Most mothers would be delighted if their six-year-old son was always smiling and laughing.
But for Logan McKechnie’s mum, Abby James, his constantly happy nature is a reminder of the difficulties life holds for him. Logan, who lives in Ballywalter, County Down, has Angelman Syndrome, a chromosome disorder which causes severe learning difficulties and leaves him unable to speak.
One of the side-effects is that Logan is easily excited and almost permanently laughing or smiling. But the youngster also suffers from epilepsy and has daily seizures. He is extremely active, able to crawl and is very agile, and can pull himself to stand up, but the youngster has no sense of danger and, as well as being on multiple medications, he has to wear a helmet to protect his head.
Logan communicates by using a mixture of basic signs, picture boards and gestures. He gets very little sleep at night, which also has a profound effect on his parents and two-year-old sister Emily.
When his family heard about specialist equipment which would enable Logan to sleep in safety, they were thrilled, but then came the bad news that the local authority wouldn’t fund it. So they turned to Newlife Foundation, a national charity which helps disabled and terminally ill children, to help fund the equipment, which costs over £4,750.
The Safespace – a room within a room – is designed to give children like Logan a safe environment which can help calm him ready for sleep but also provide a safe environment when he wakes during the night.
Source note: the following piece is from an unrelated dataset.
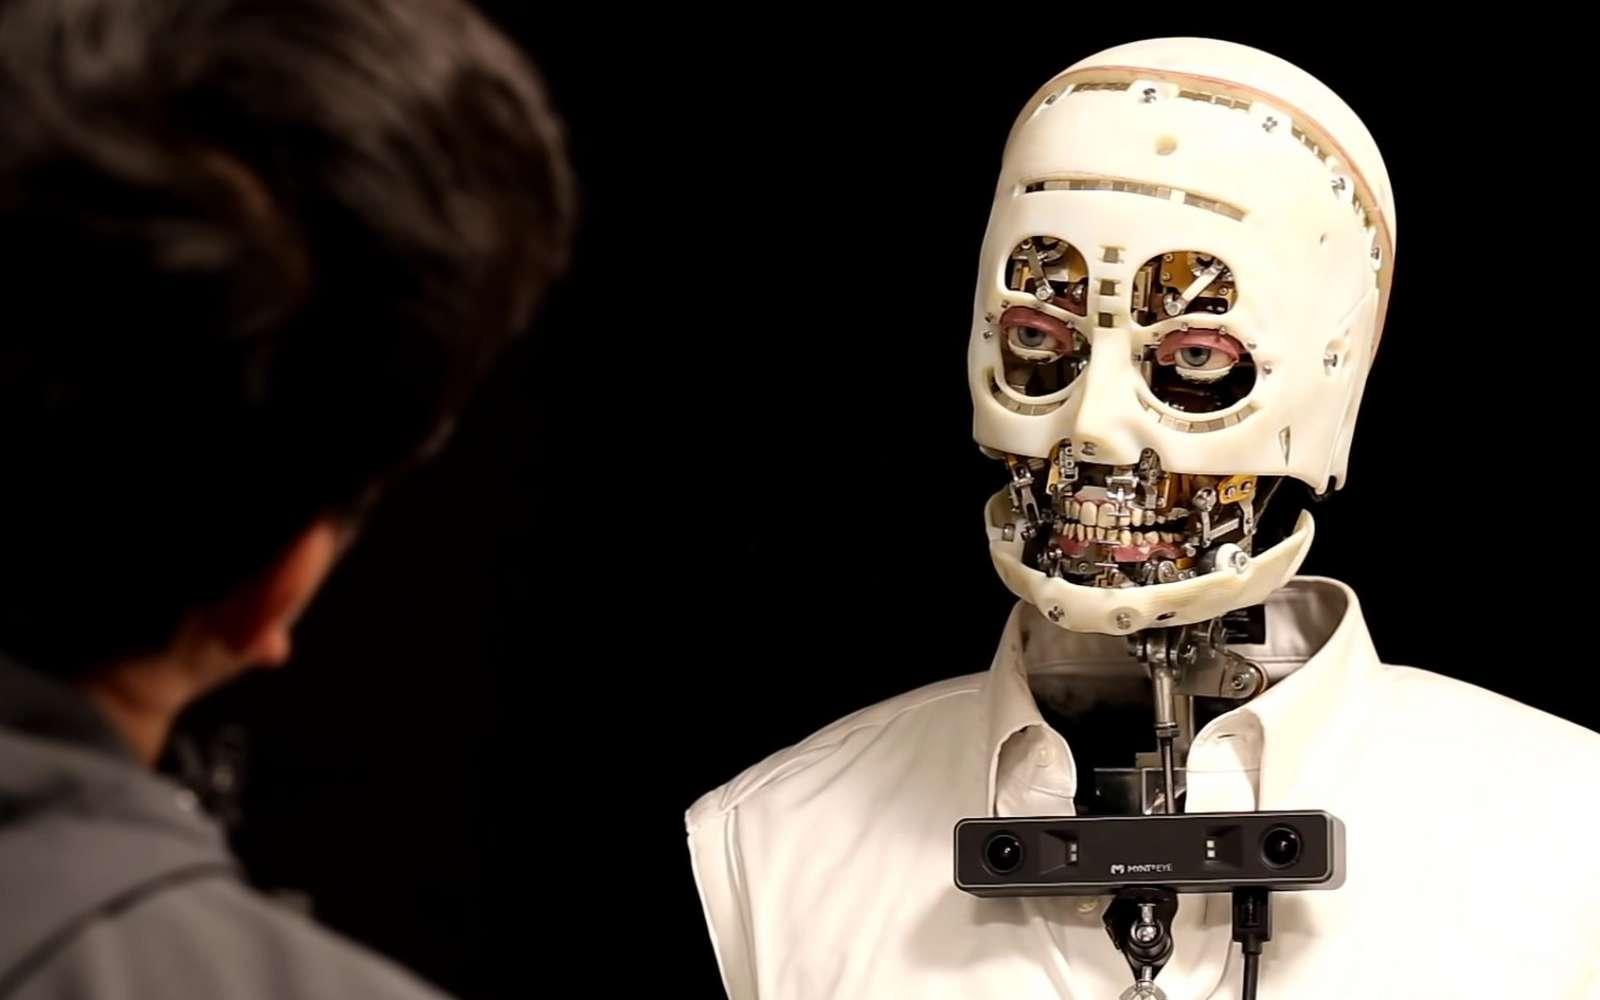 Des chercheurs de chez Disney ont créé un robot avec un regard extrêmement réaliste. © Disney

Logan’s mum, Abby, said: “At the moment Logan is in a pen bed – a sort of pen over a small single bed – but it is very cramped and no longer suitable for him.
“He is physically very mobile, crawling and climbing, and the Safespace will keep him safe at night – he won’t be able to get out and turn on the cooker, or the taps, for instance. Because he has epilepsy there is a danger he may fall and hit his head on a hard surface, so this will mean he is safe, and give us peace of mind.”
Newlife charity has pledged to raise the funds for Logan. Last year the charity awarded £1.5million in equipment grants to children throughout the UK – including over £68,863 in Northern Ireland which helped 42 children. However, Newlife is experiencing a huge increase in demand on its resources; calls to its Nurse Helpline – 0800 902 0095 – have shot up compared to this time last year and there are thousands more hits on the charity’s website www.newlifecharity.co.uk
Newlife CEO Sheila Brown, OBE, said: “Our equipment grants are so vital to so many children, offering practical support to families in need. Equipment can range from a pain-relieving bed to communication aids, and from wheelchairs to standing frames. Equipment that costs from hundreds to several thousands of pounds really can revolutionise a child’s life.
“Because of the huge demand,” said Sheila, “we are calling on ‘local heroes’ to help us raise money to fund equipment in Northern Ireland. Newlife guarantees that 100 per cent of any gift or donation will go directly to local disabled children.”
Newlife is currently working with the families of six children in Northern Ireland who need specialist equipment totalling over £11,860. Newlife is calling on local individuals, groups, companies and organisations to come forward to help. Anyone wanting to support the charity can call the community fundraising team on freephone 0800 988 4640.
One hundred percent of all funds raised will be used to help disabled and terminally ill children in Northern Ireland. Any funds raised over that which is required for Logan will be ring-fenced to help more Northern Ireland children.